[Gluster-users] replica recovery scenario

Wed Apr 2 13:20:20 UTC 2014

Dear all,
I have QEMU-1.5.3 with libgfapi on glusterfs 3.4.2
Glusterfs is replica 2 volume.

Assume I have several running VMs and one of the replica bricks goes
down. Is it possible to fully recover gluster without ever touching VMs
operation? Let me elaborate on that:

1) As I understand glusterfs client internals when VM drive backed by
gfapi connects to glusterfs volume, it creates two connections to both
replica bricks and sends i/o commands to both. Is that true?
2) When one of replica bricks goes down, what happens with VM i/o?

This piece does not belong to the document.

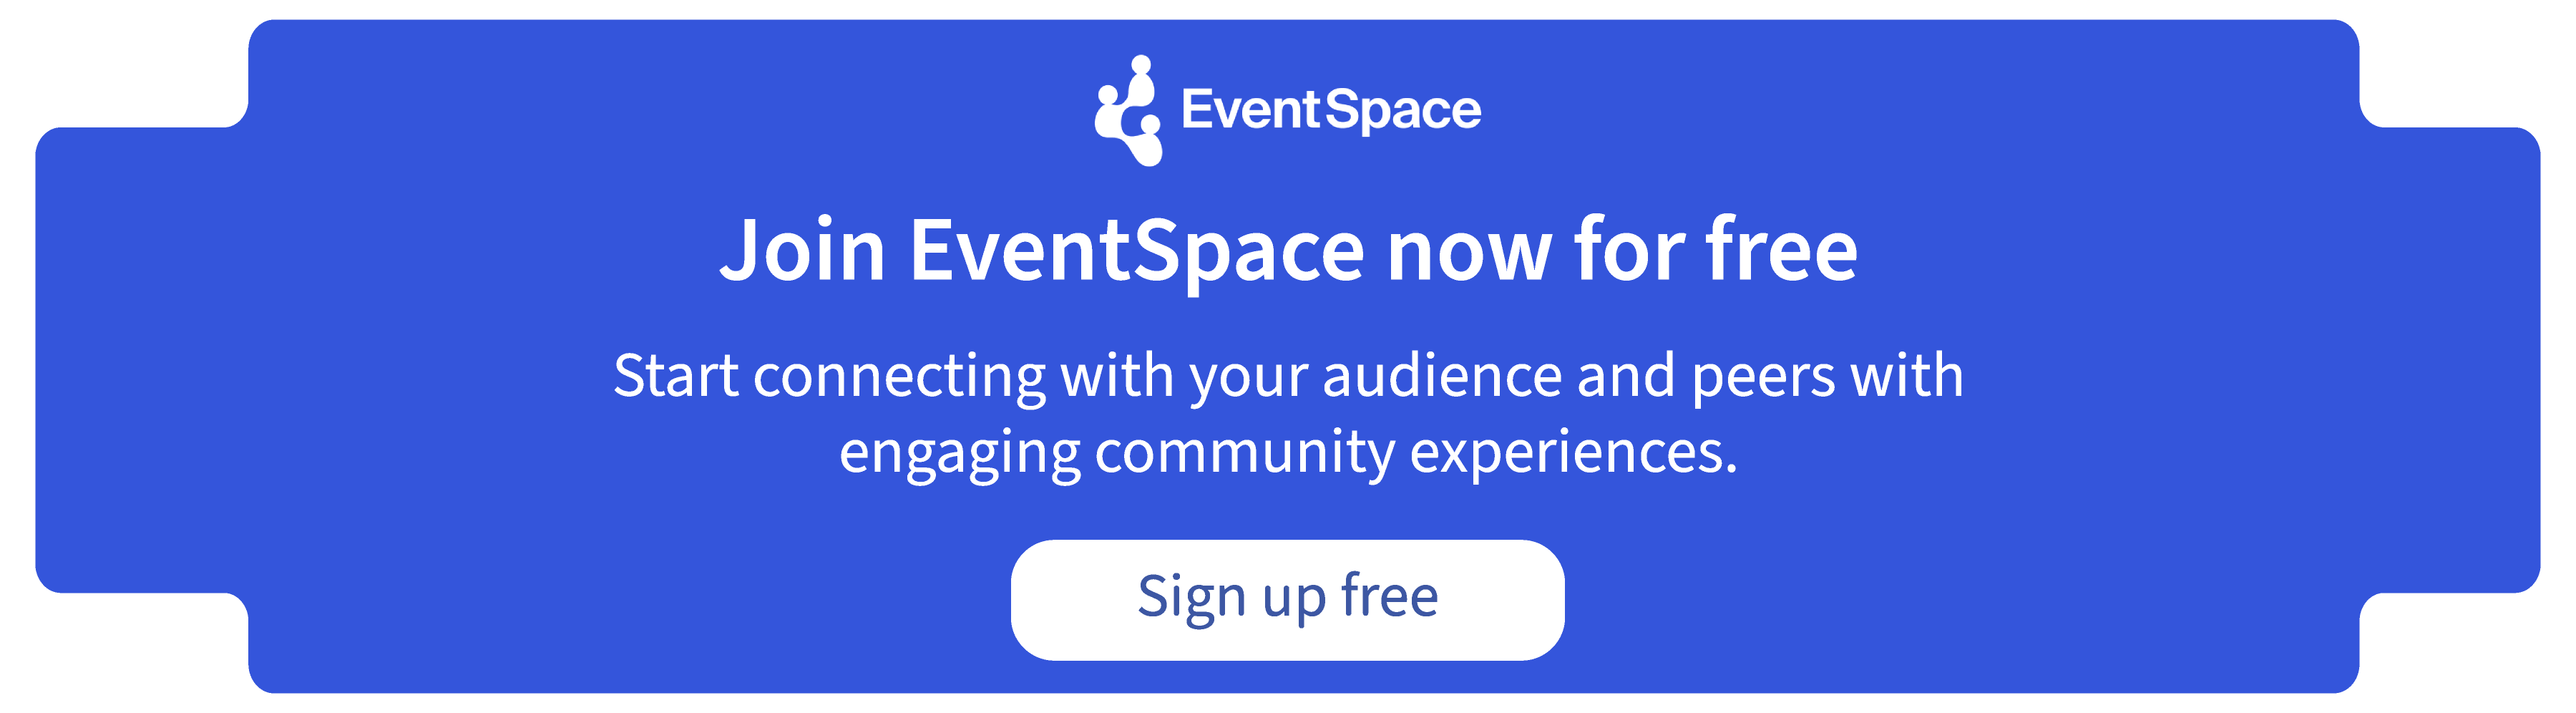 EventSpace - Sign Up - Banner

Does
stall and wait for failing replica to timeout and then resumes operation
by sending i/o only on one brick or from viewpoint of VM there is no
significant lag?
3)a When admin repairs failed replica brick will VMs automatically
reconnect to previously failed replica brick?
3)b Will autoheal from gfapi client kick in automatically? (Or do I have
to mount volume from fuse and do stat on all files?)
3c) Will autoheal stall running VMs io? (I have heard both yes and no as
an answer and I have found not any definite answer in gluster docs)
4) If I was mistaken in some of abovementioned assumptions, what is best
practise to heal and fully recover gluster replica volume? (By "fully
recover" I mean it will be working even if the other (i.e. during
previous failure working one) replica brick failed)

Thank you

Petr Sudoma